DATA EXTRACTS:

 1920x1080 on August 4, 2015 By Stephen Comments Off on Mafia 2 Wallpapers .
---
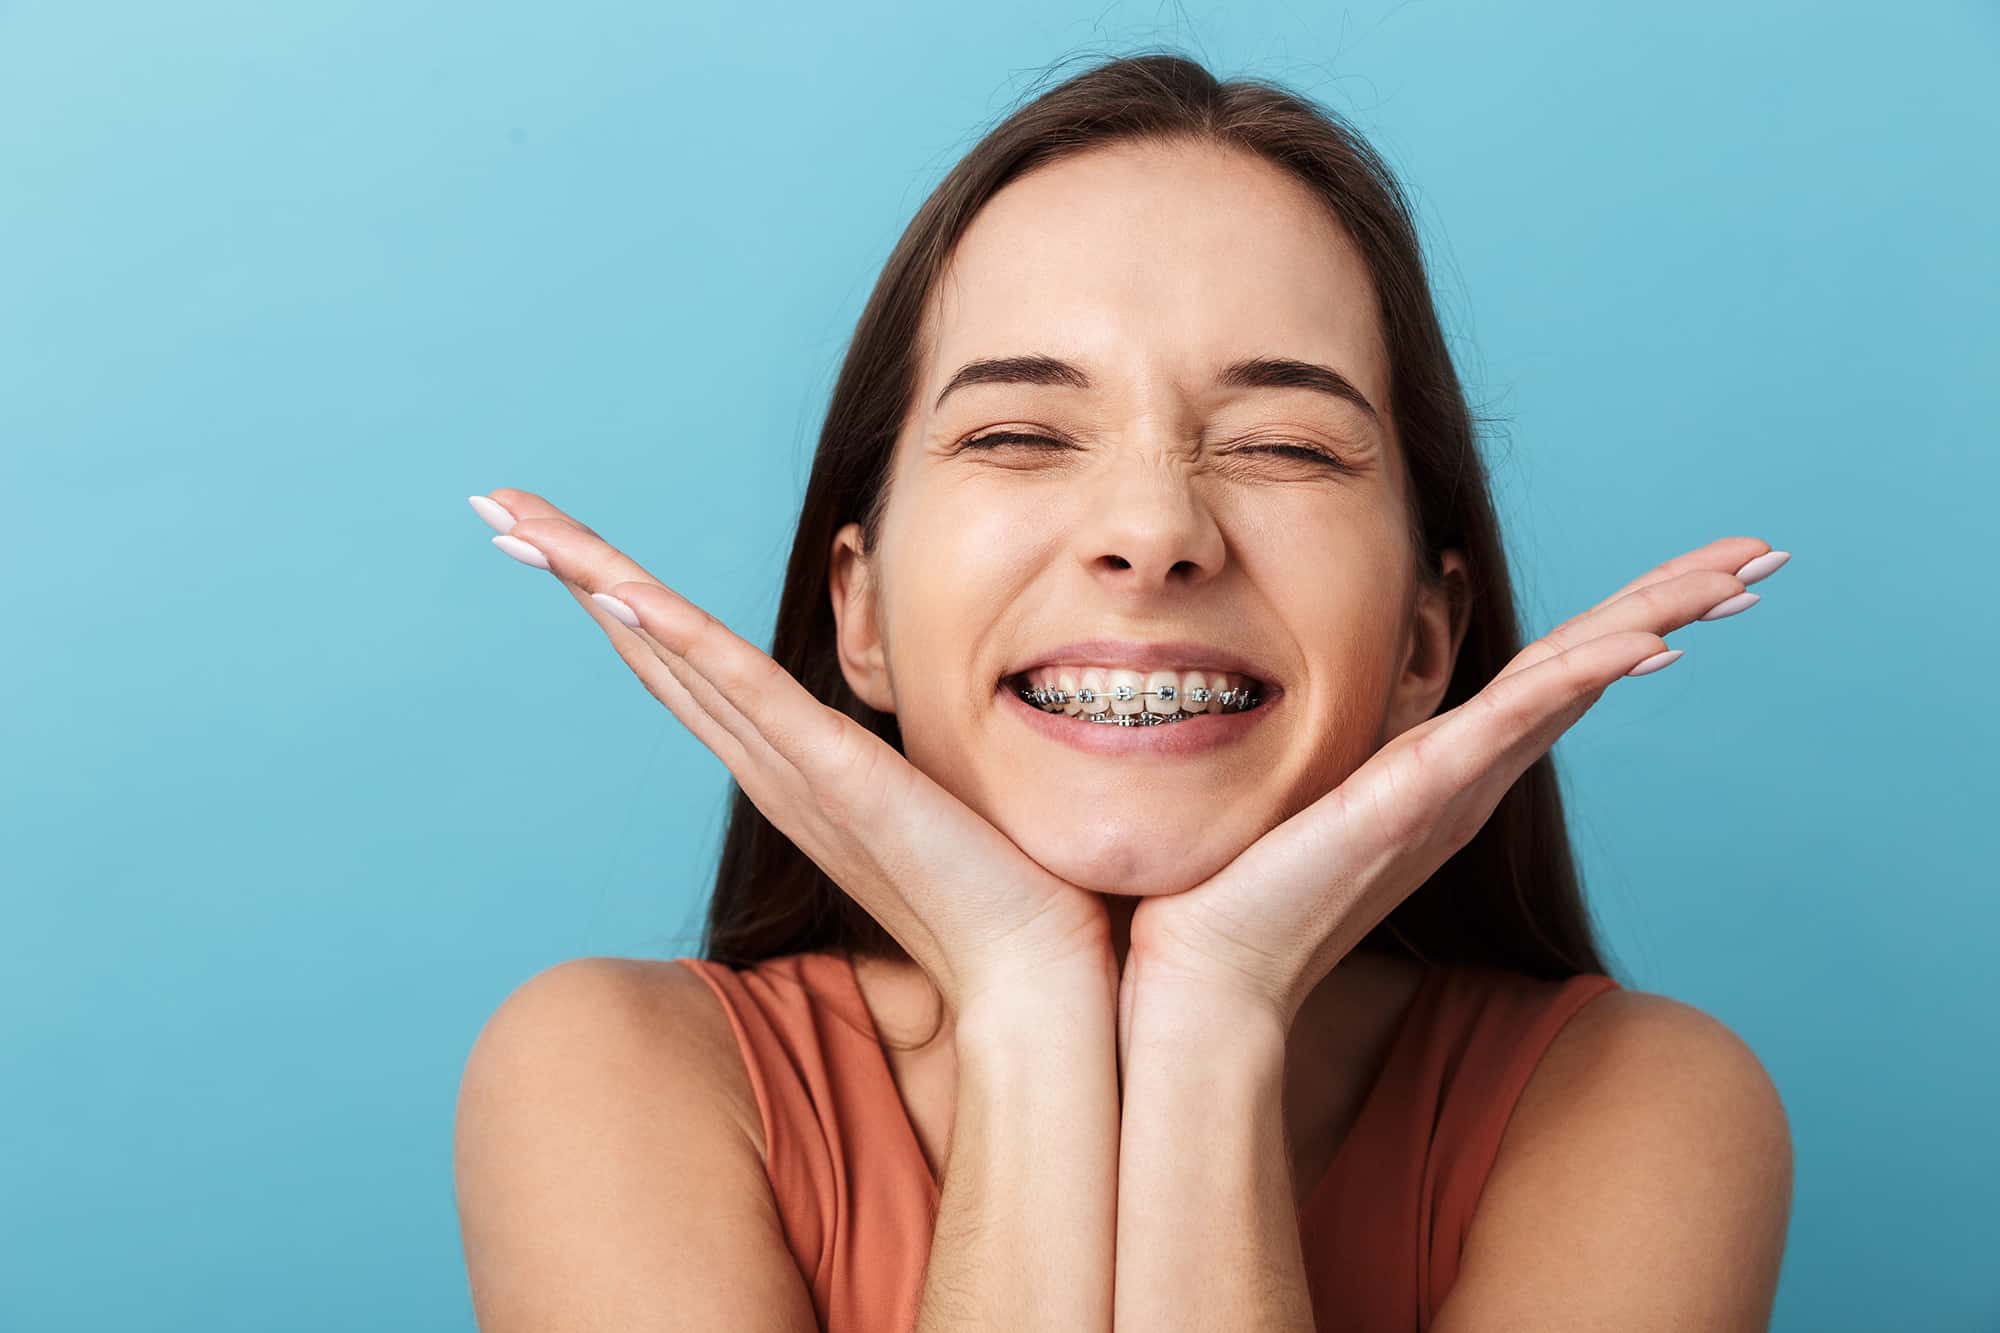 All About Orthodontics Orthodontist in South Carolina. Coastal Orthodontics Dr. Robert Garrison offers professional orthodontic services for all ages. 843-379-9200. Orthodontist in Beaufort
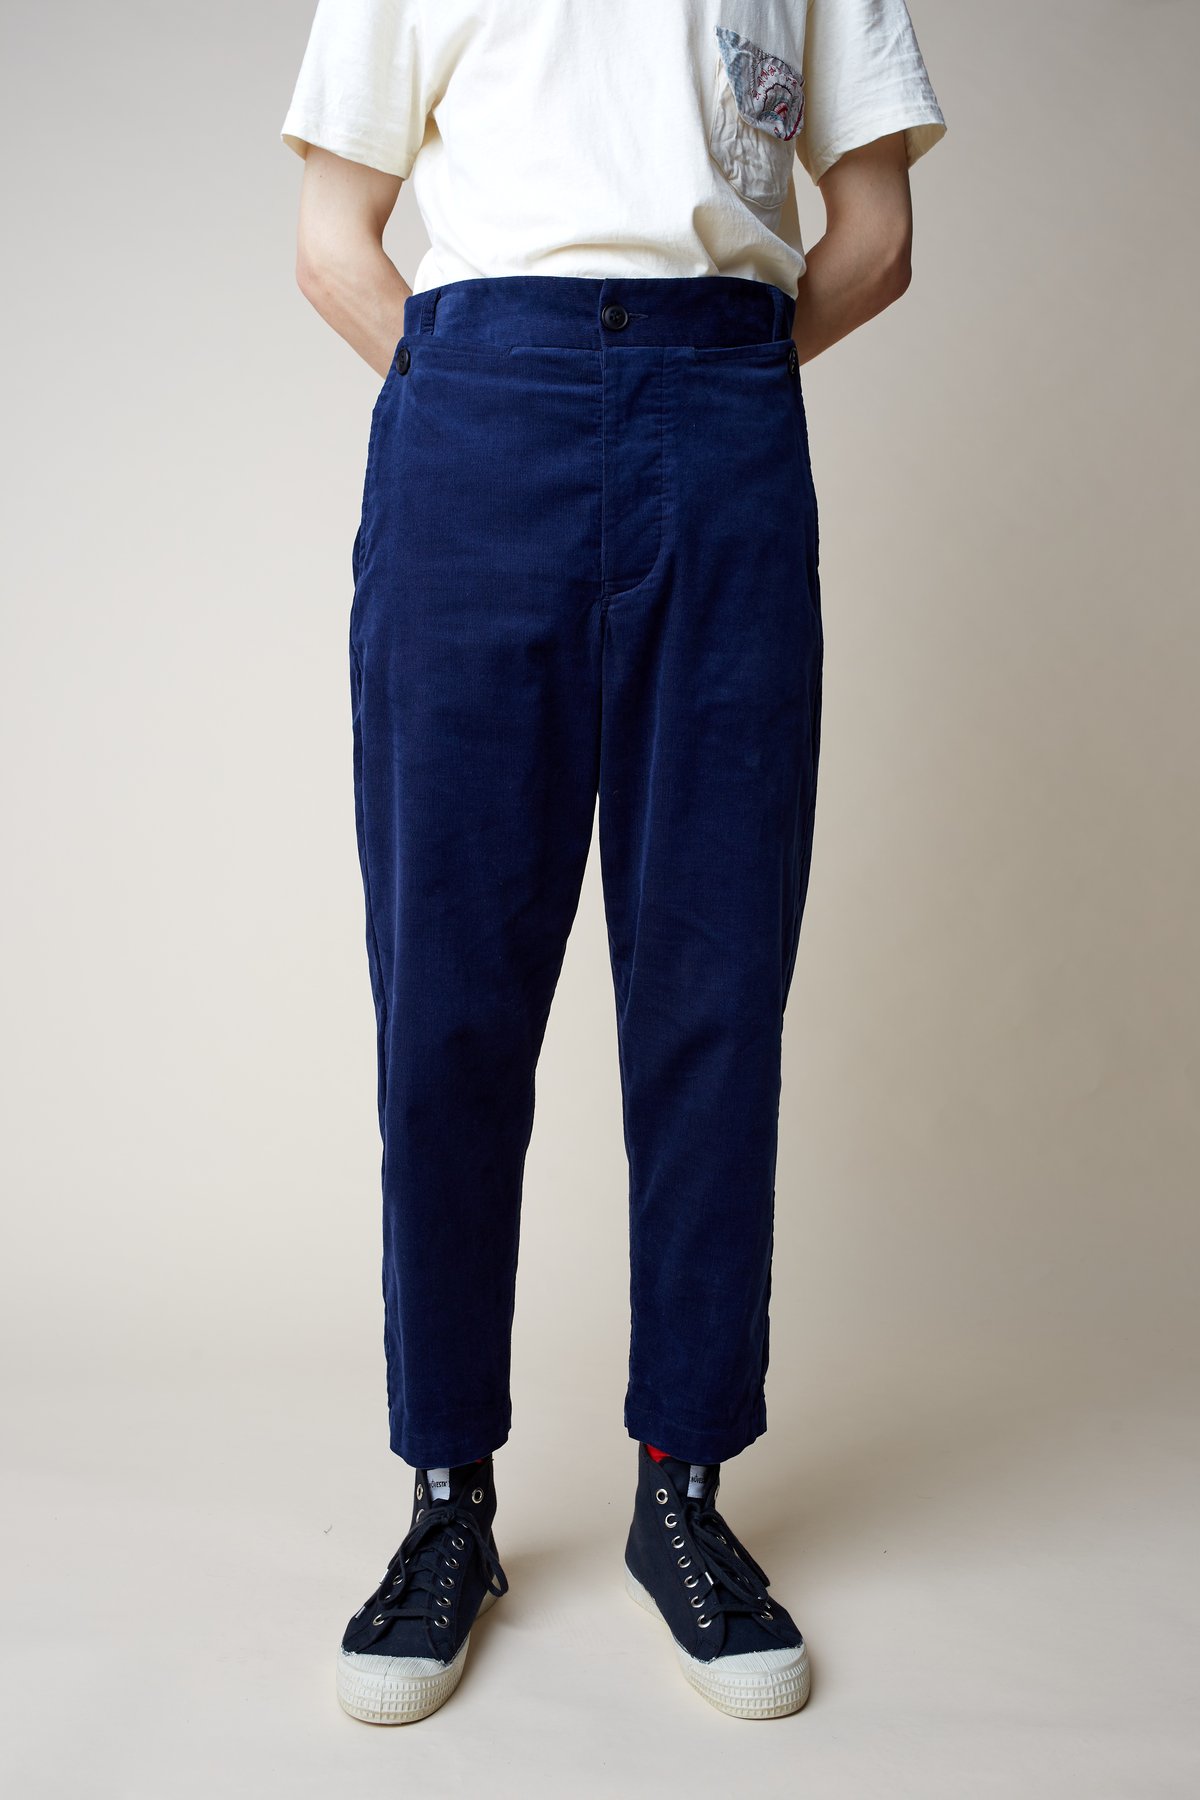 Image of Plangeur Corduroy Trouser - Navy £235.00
* * *
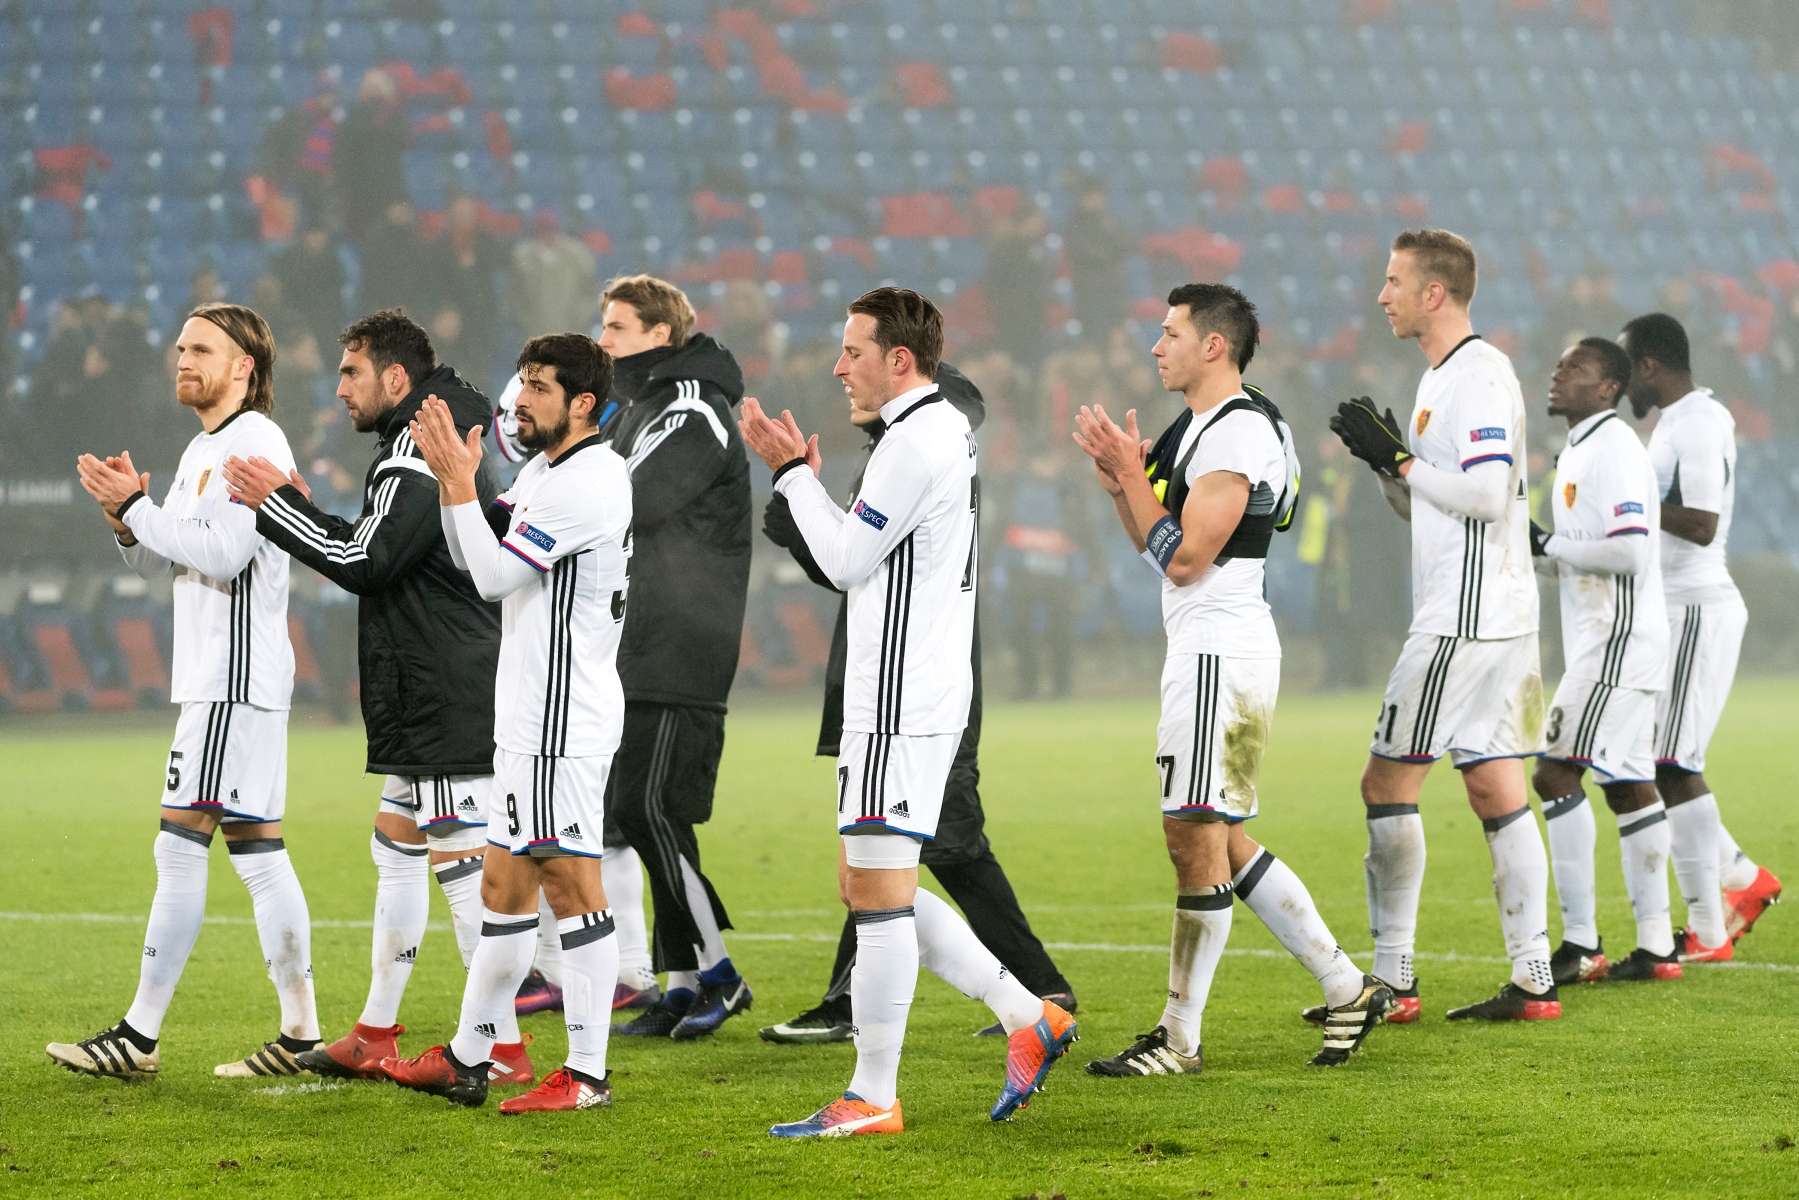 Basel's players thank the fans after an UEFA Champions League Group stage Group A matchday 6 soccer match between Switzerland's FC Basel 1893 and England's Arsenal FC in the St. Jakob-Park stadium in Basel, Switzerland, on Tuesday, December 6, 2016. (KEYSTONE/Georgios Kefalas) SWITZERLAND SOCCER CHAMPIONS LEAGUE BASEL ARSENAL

WHAT YOU WILL DO:
Pictures excluded, give again exactly and only the lines of the material above from the line with "All About Orthodontics" through the line with "Image of Plangeur".

EXERCISE OUTPUT:
 All About Orthodontics Orthodontist in South Carolina. Coastal Orthodontics Dr. Robert Garrison offers professional orthodontic services for all ages. 843-379-9200. Orthodontist in Beaufort
 Image of Plangeur Corduroy Trouser - Navy £235.00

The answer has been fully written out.